C. serve on any Perry Defendant up to five (5) interrogatories relating to the location, storage or retention of documents reflecting the business transactions of the Perry Defendants, or of their affiliates or subsidiaries; and monitoring compliance with this Order. The limitations and conditions set forth in Fed. R. Civ. P. 33(a)(1) regarding the number of interrogatories shall not apply to interrogatories taken pursuant to this Section. Any such interrogatory taken pursuant to this Section shall not be counted toward the twenty-five interrogatory limit set forth in Fed. R. Civ. P. 33(a)(1). Service of discovery upon a party, taken pursuant to this Section shall be sufficient if made by facsimile or by overnight delivery.

CORRESPONDENCE

XIX. IT IS FURTHER ORDERED that for the purposes of this Order, all service on and correspondence to the FTC shall be sent via Federal Express or email and be addressed to: Mark Glassman, Federal Trade Commission, 600 Pennsylvania Avenue, NW, Room NJ-3158, Washington, DC 20580; Telephone: (202) 326-2826; Facsimile: (202) 326-3768; email: mglassman@ftc.gov.

In addition, all documents required to be served in this case may be served by e-mail using the following e-mail addresses:

Mark Glassman: mglassman@ftc.gov Bevin Murphy: bmurphy1@ftc.gov Robert Mahini: rmahini@ftc.gov Marion Anthony ("Tony") Perry: mp-f7@cox.net Bernadette Perry: mp-f7@cox.net.

SERVICE OF THIS ORDER

XX. IT IS FURTHER ORDERED that copies of this Order may be served by facsimile transmission, email (upon written consent), personal or overnight delivery, or U.S. Express Mail, by agents and employees of the FTC or any state or federal law enforcement agency or by private process server, on Defendants or any other person or entity that may be subject to any provision of this Order.

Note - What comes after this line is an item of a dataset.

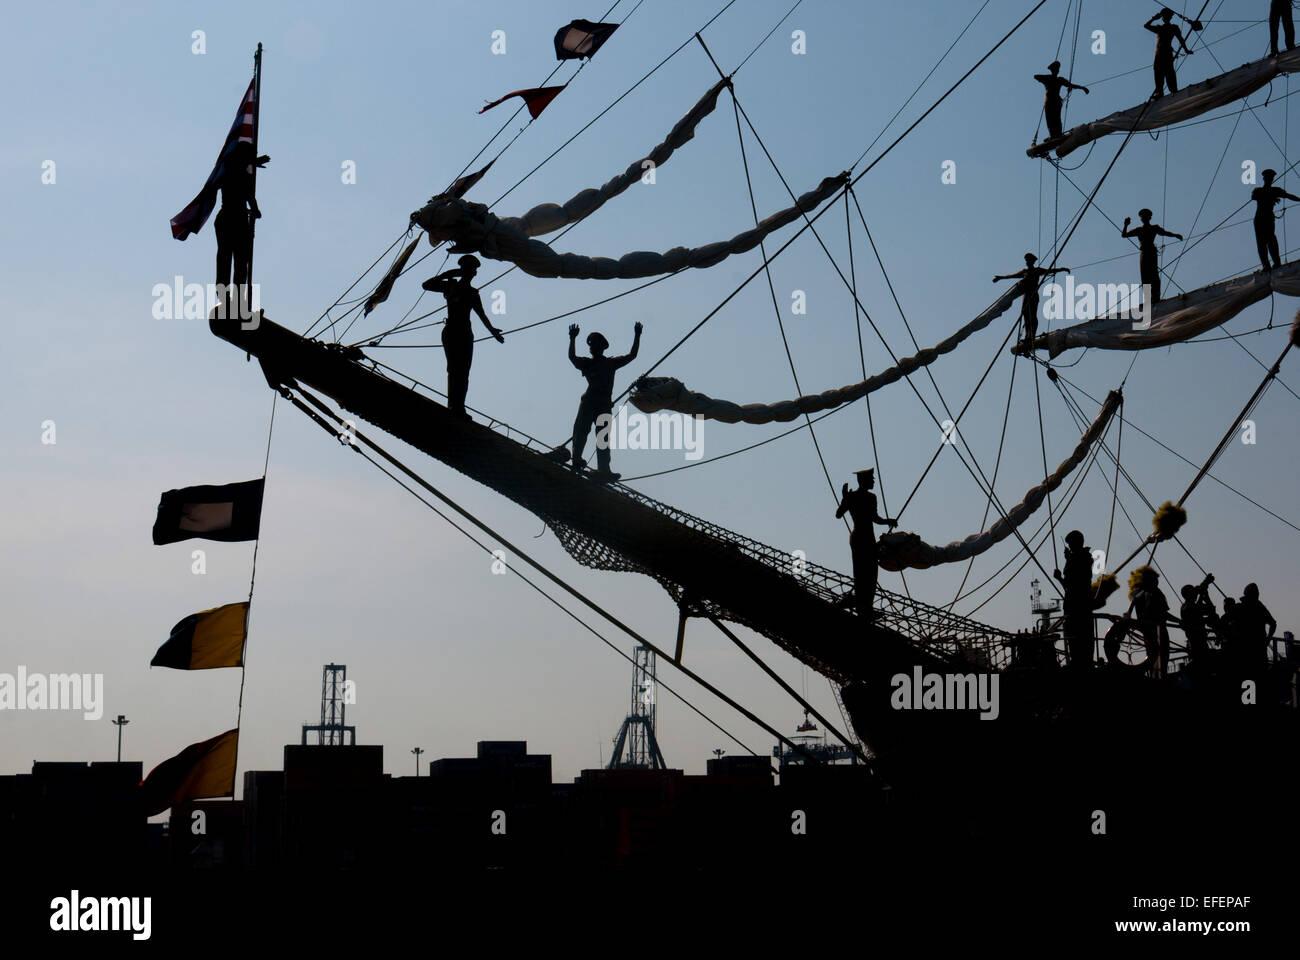 Indonesische Marine jüngstere Söhne führen Parade Roll vor dem letzten Segel des ursprünglichen Stockbild
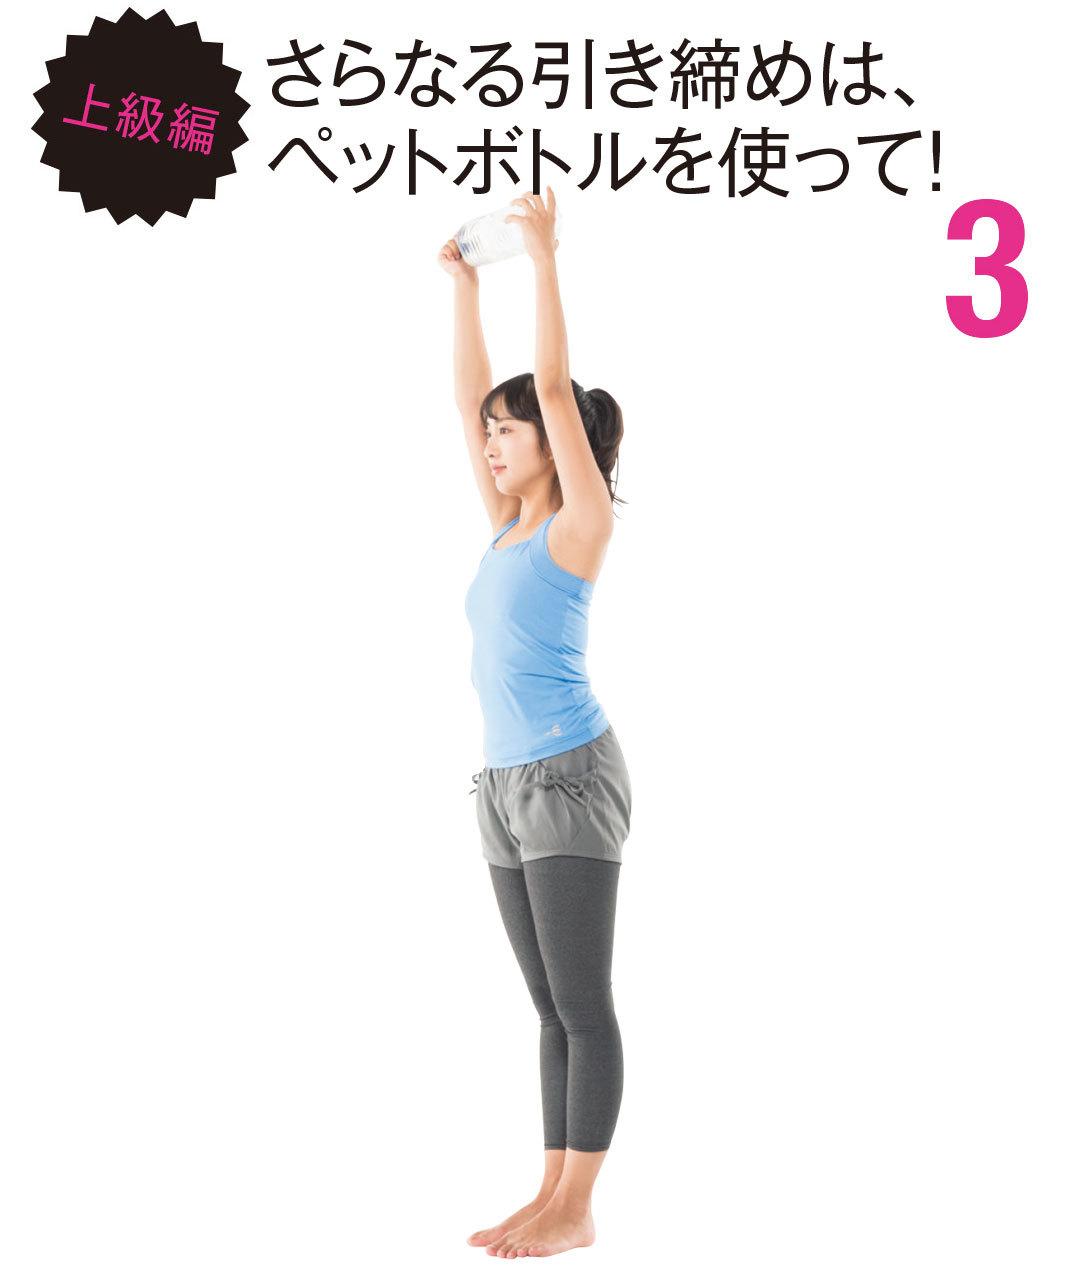 太もも痩せしたい! 1畳スペースでできる簡単筋トレをAYAさんが伝授♡ _1_2-9

RIGHT TO INVESTIGATE AND ADD ADDITIONAL PARTIES AND CLAIMS

XXI. IT IS FURTHER ORDERED that nothing in this Order shall be construed as limiting or restricting the FTC's right or ability to investigate, take discovery from, add to this action or bring further actions against any persons or entities not specifically named herein as a defendant or who may be in active concert or participation with any of the defendants.

RETENTION OF JURISDICTION

XXII. IT IS FURTHER ORDERED that this Court shall retain jurisdiction of this matter for all purposes.

IT IS SO ORDERED, this 19th day of August, 2009.